--- Information supplied ---

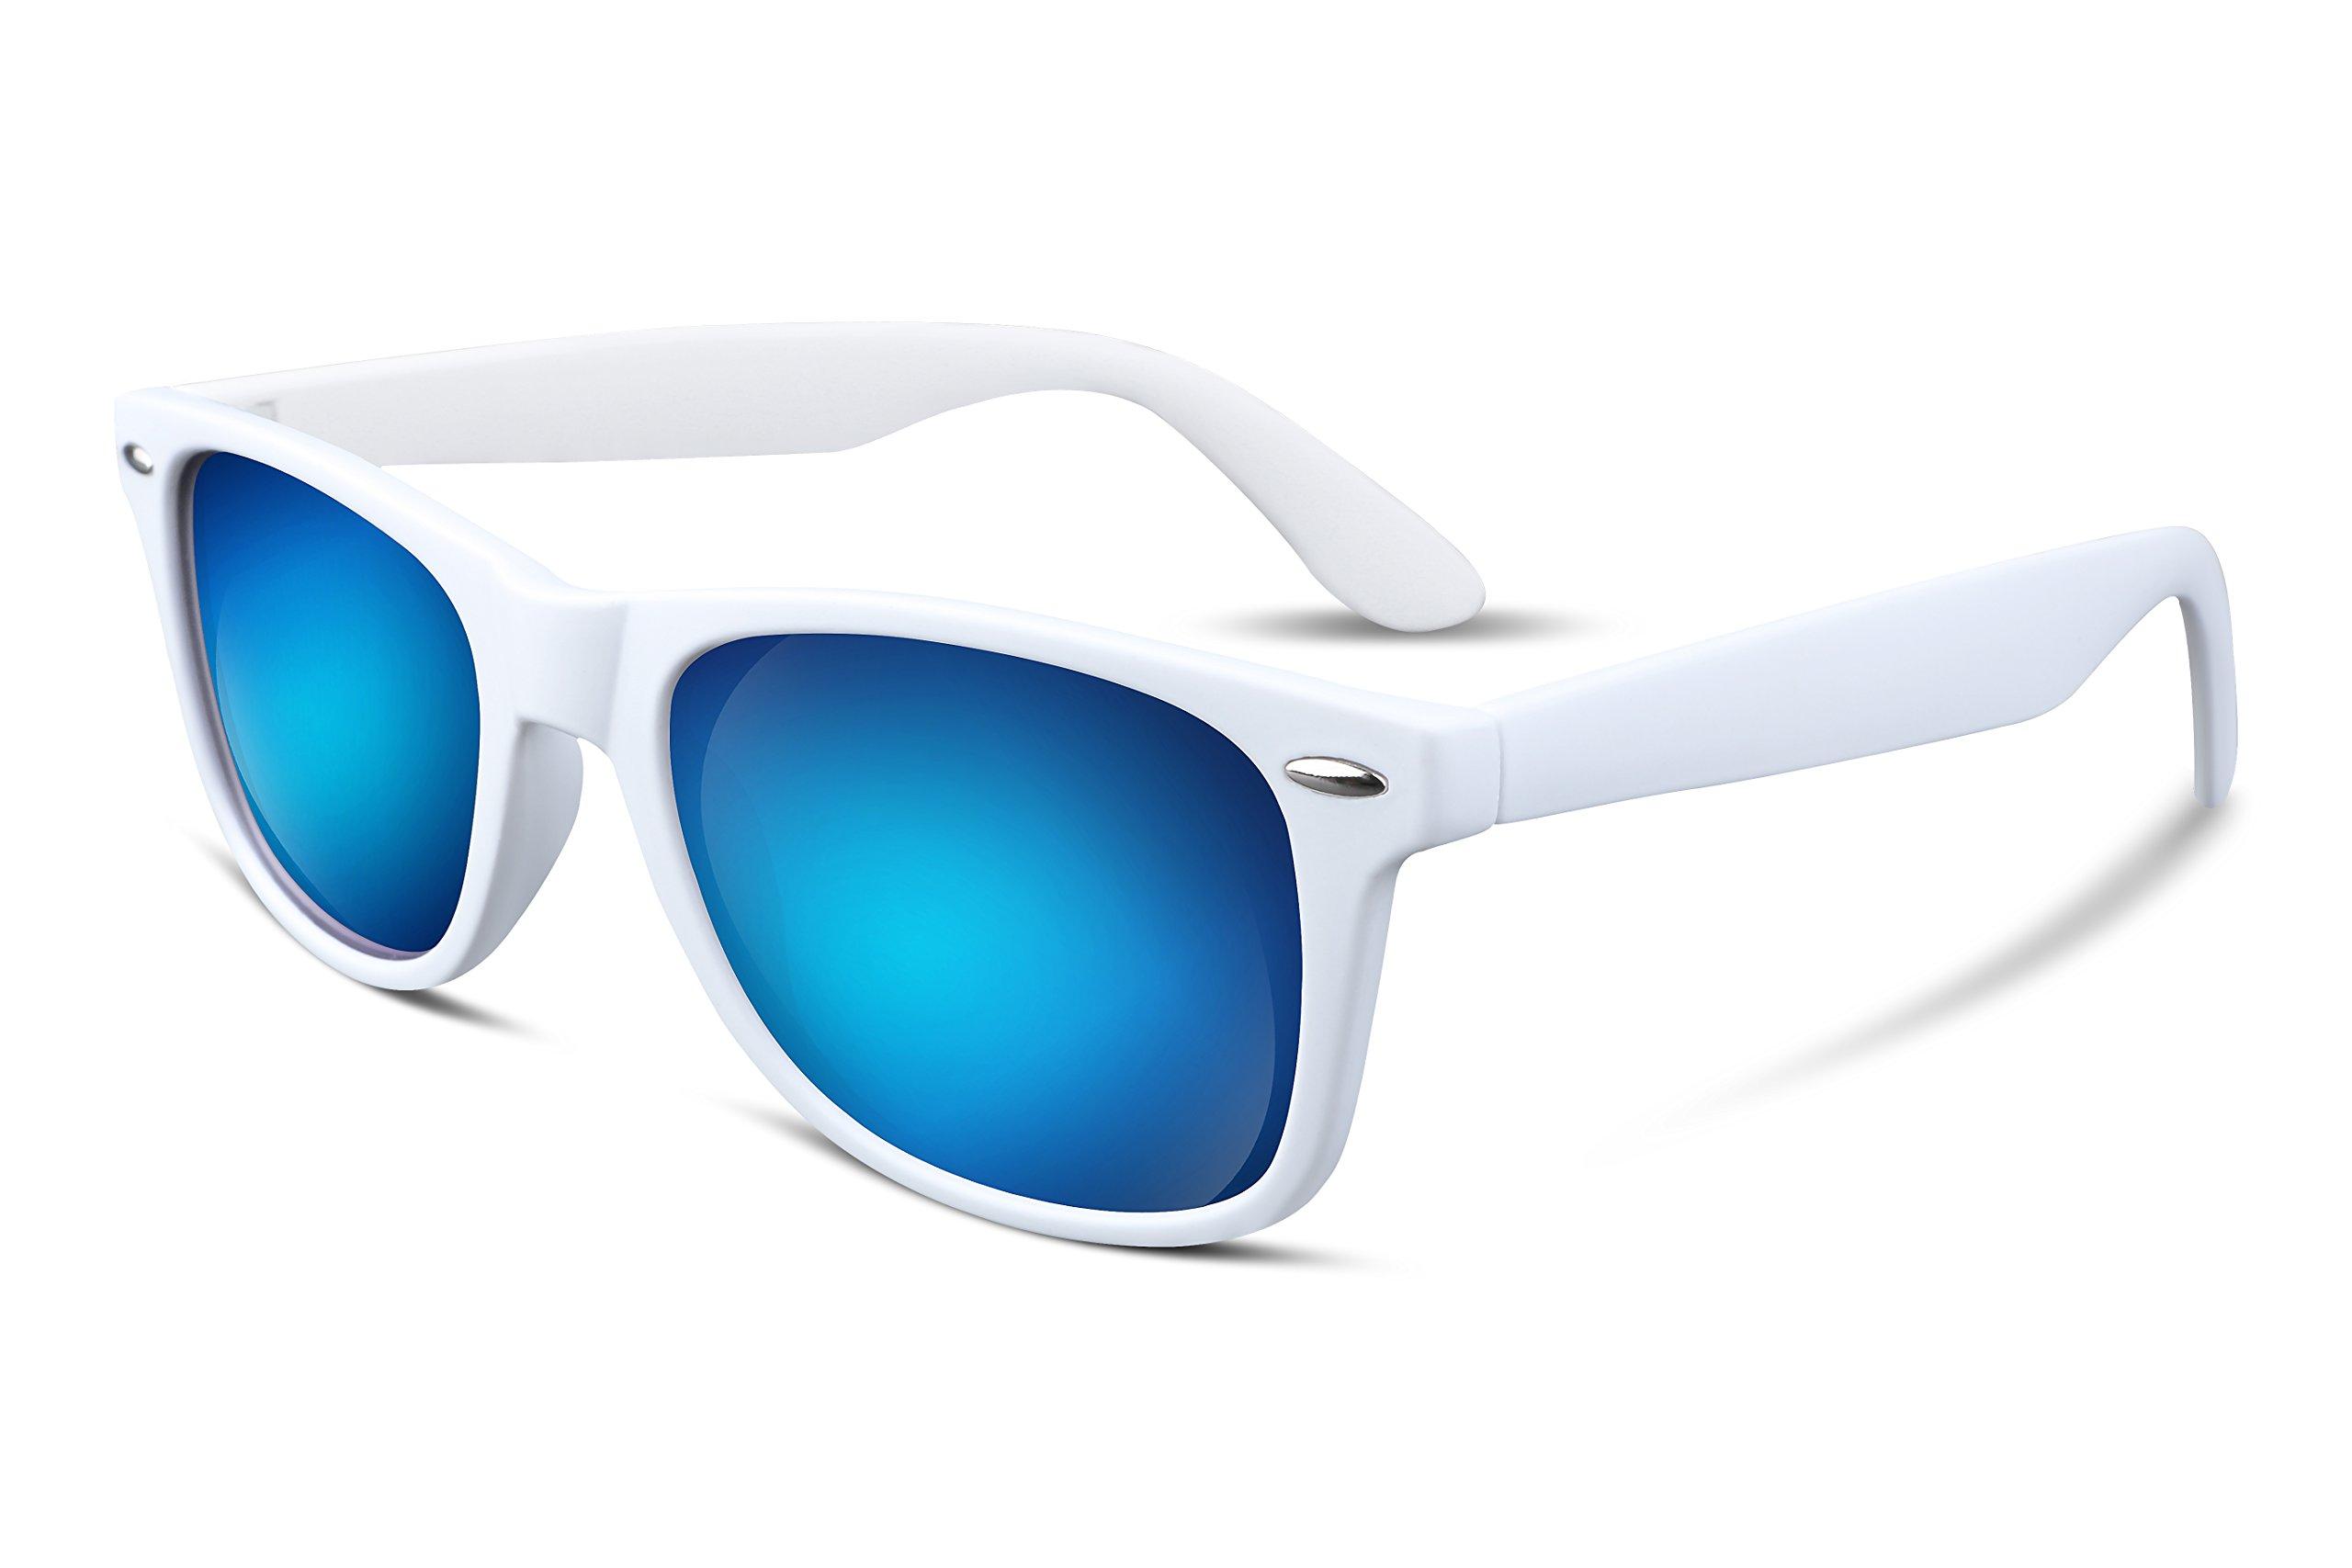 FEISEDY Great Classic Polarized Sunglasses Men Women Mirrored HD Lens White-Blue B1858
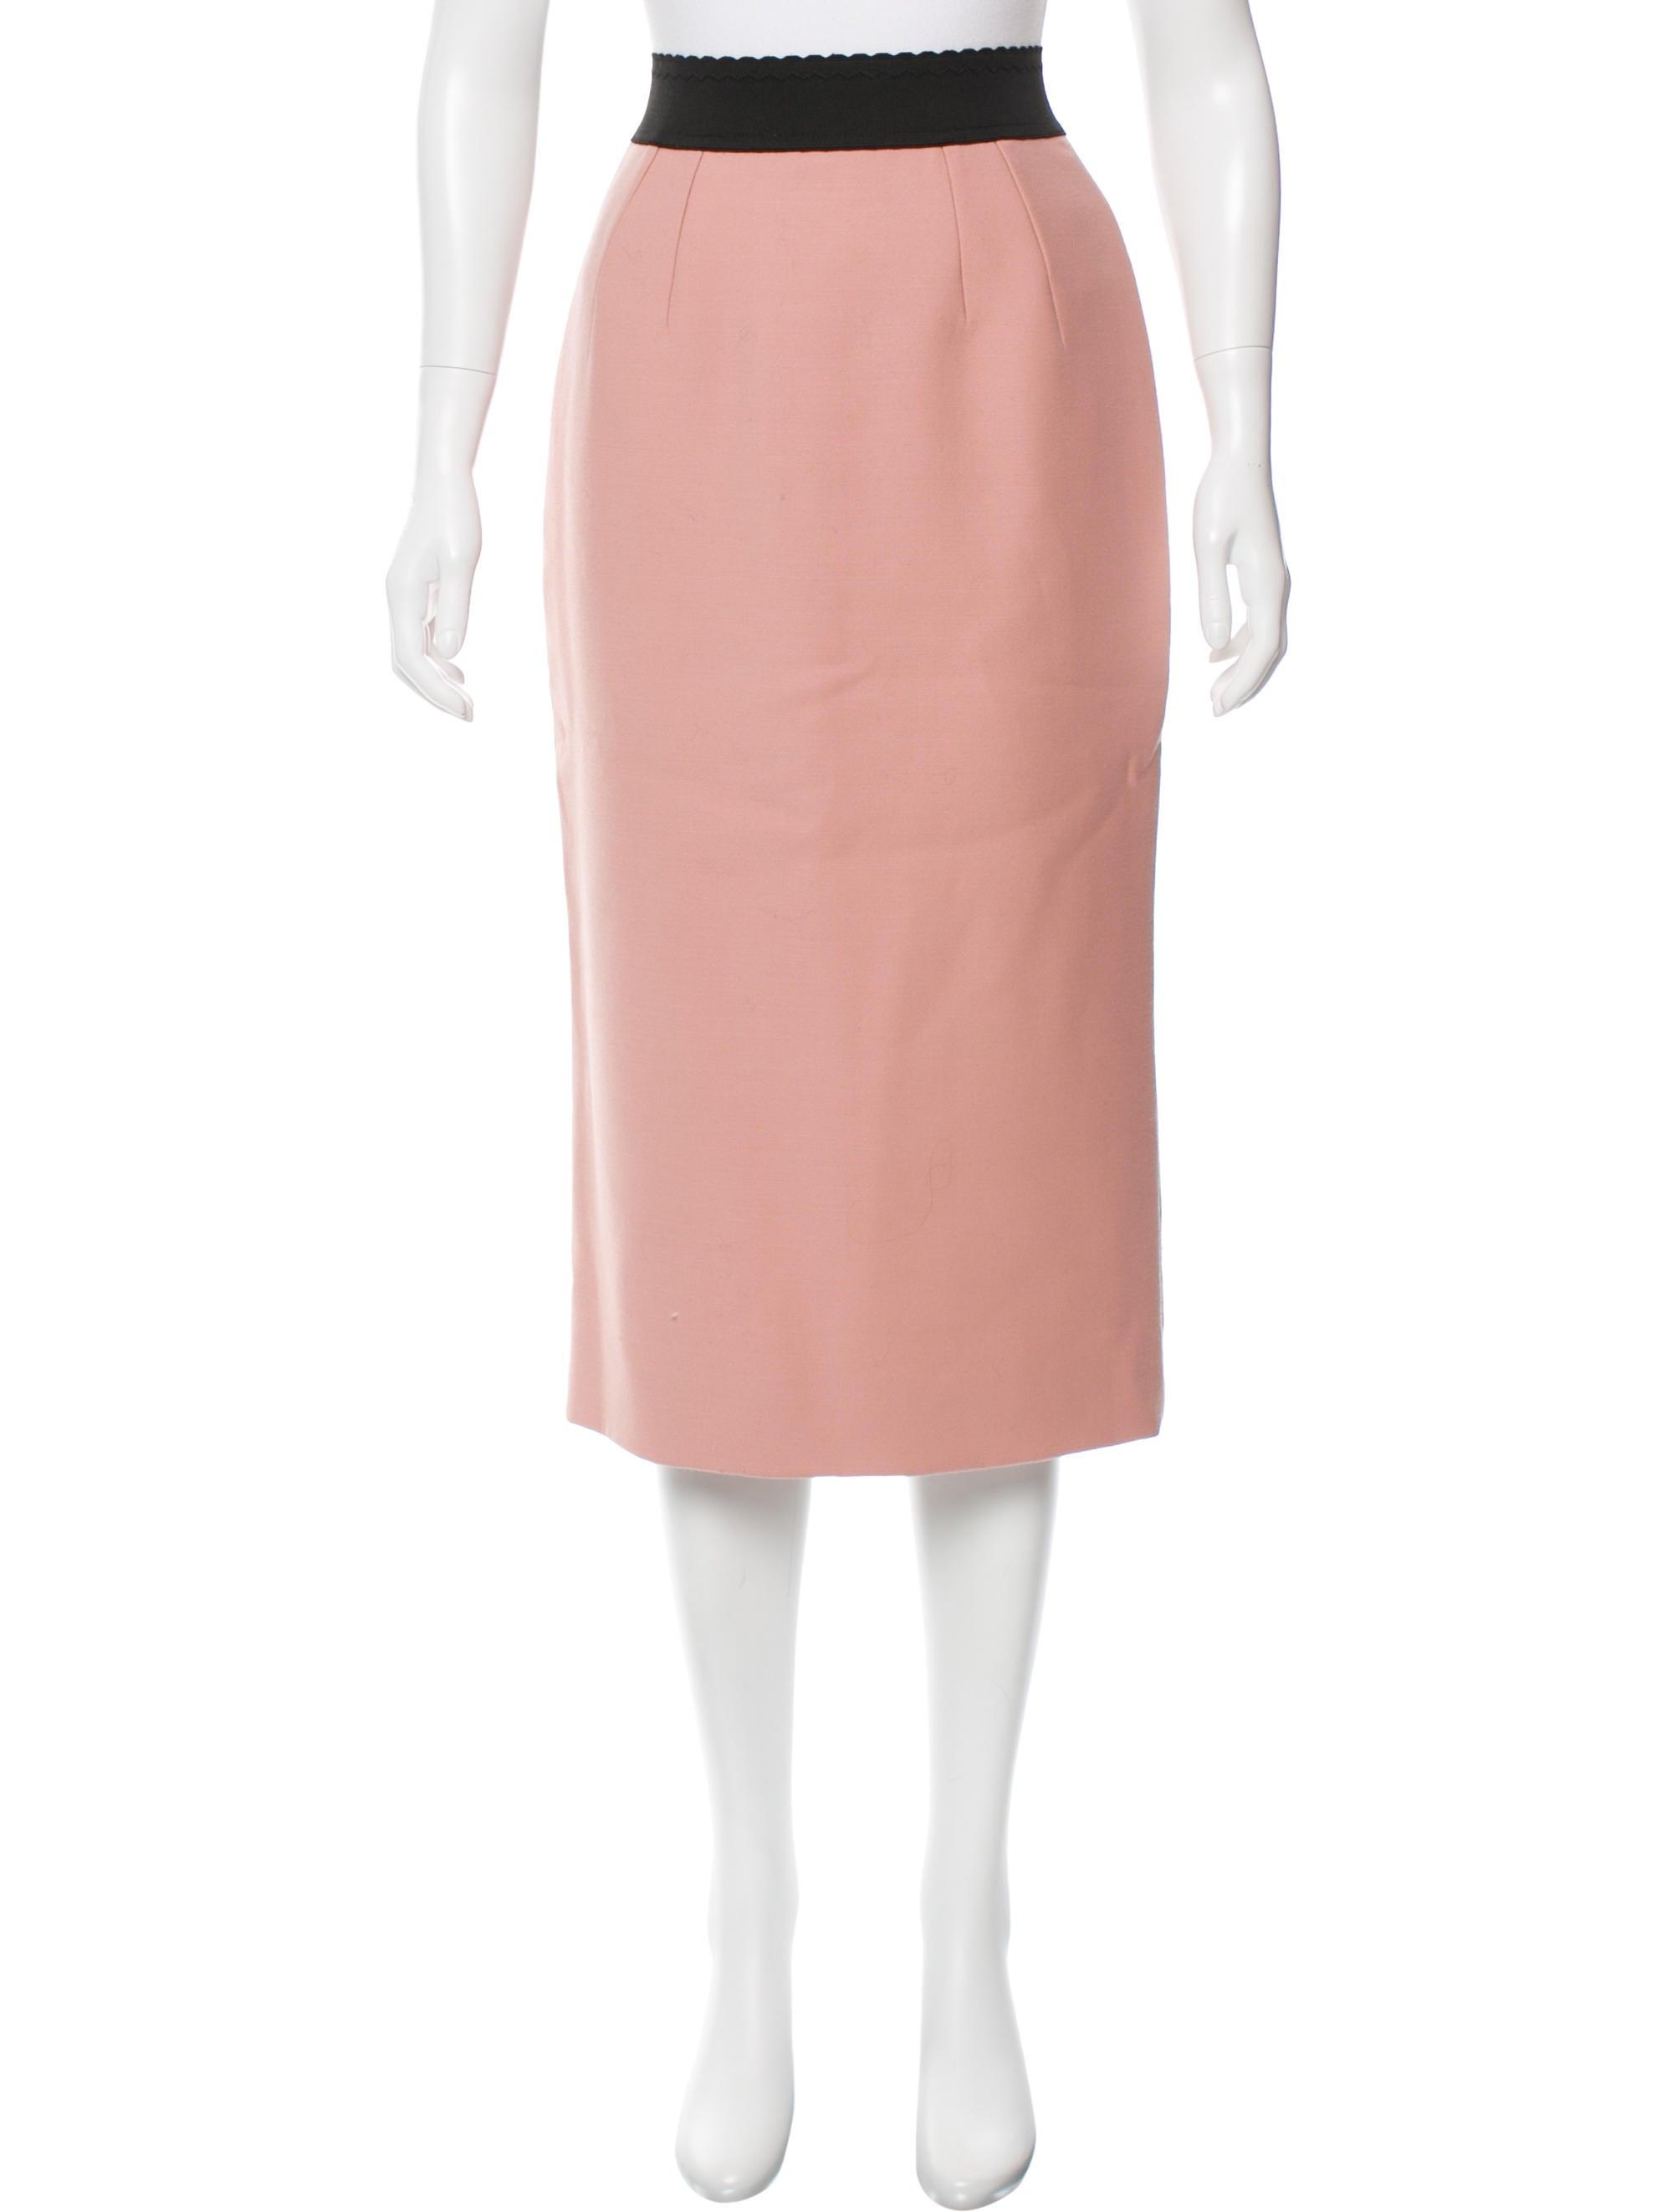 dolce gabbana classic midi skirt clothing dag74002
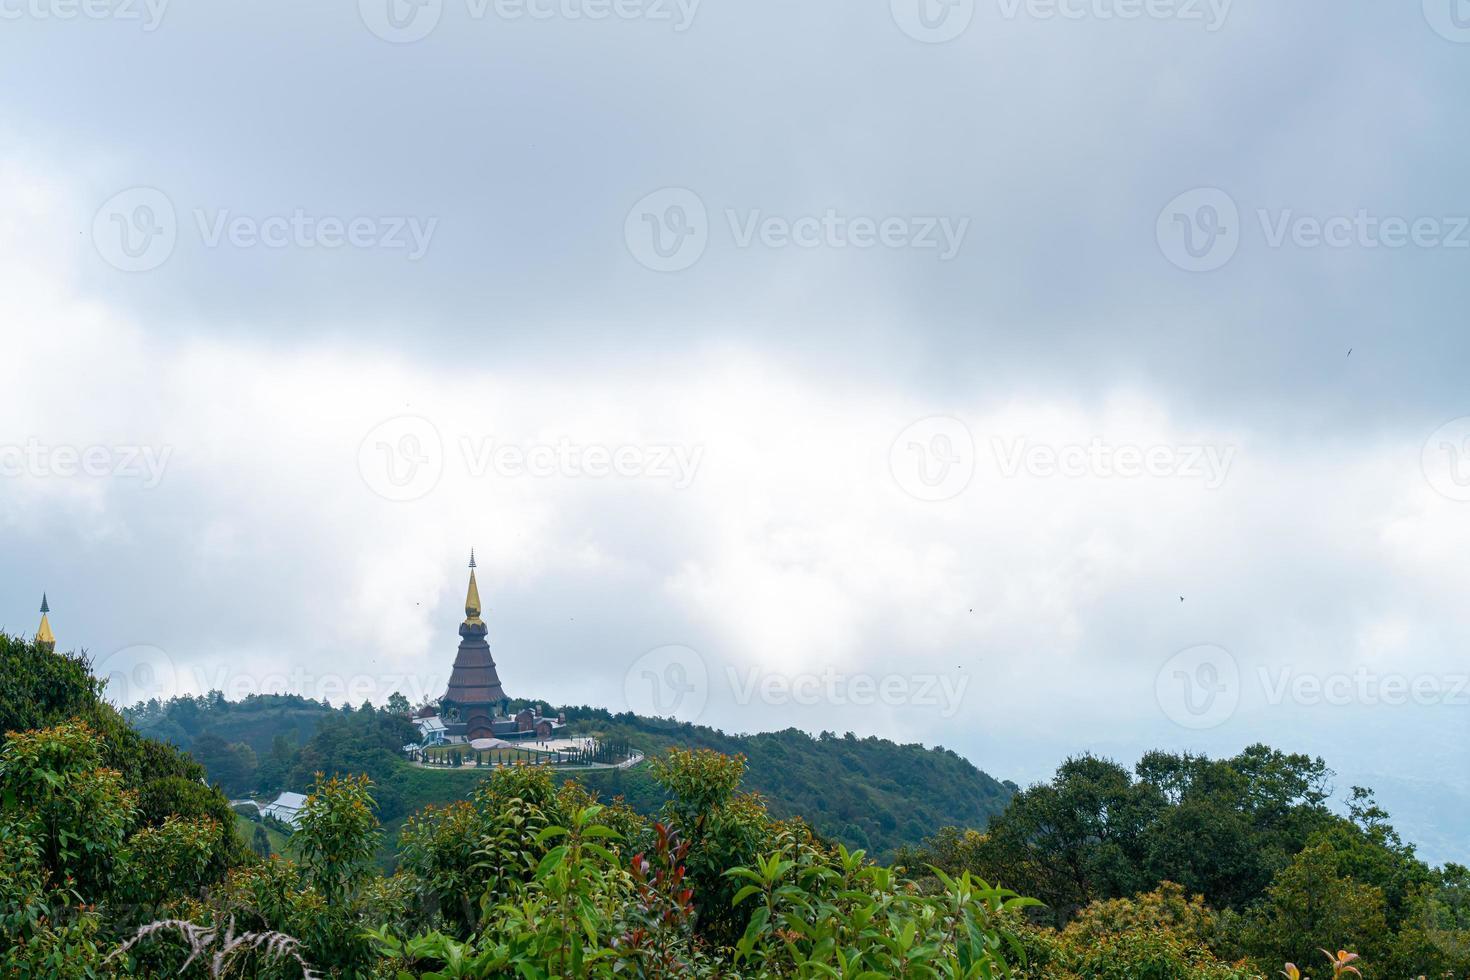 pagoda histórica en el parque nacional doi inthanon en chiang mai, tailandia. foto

---

• [The task]: Line by line, restate the data above exactly as it stands, minus the pictures.

• [Response area]:
 FEISEDY Great Classic Polarized Sunglasses Men Women Mirrored HD Lens White-Blue B1858
 dolce gabbana classic midi skirt clothing dag74002
 pagoda histórica en el parque nacional doi inthanon en chiang mai, tailandia. foto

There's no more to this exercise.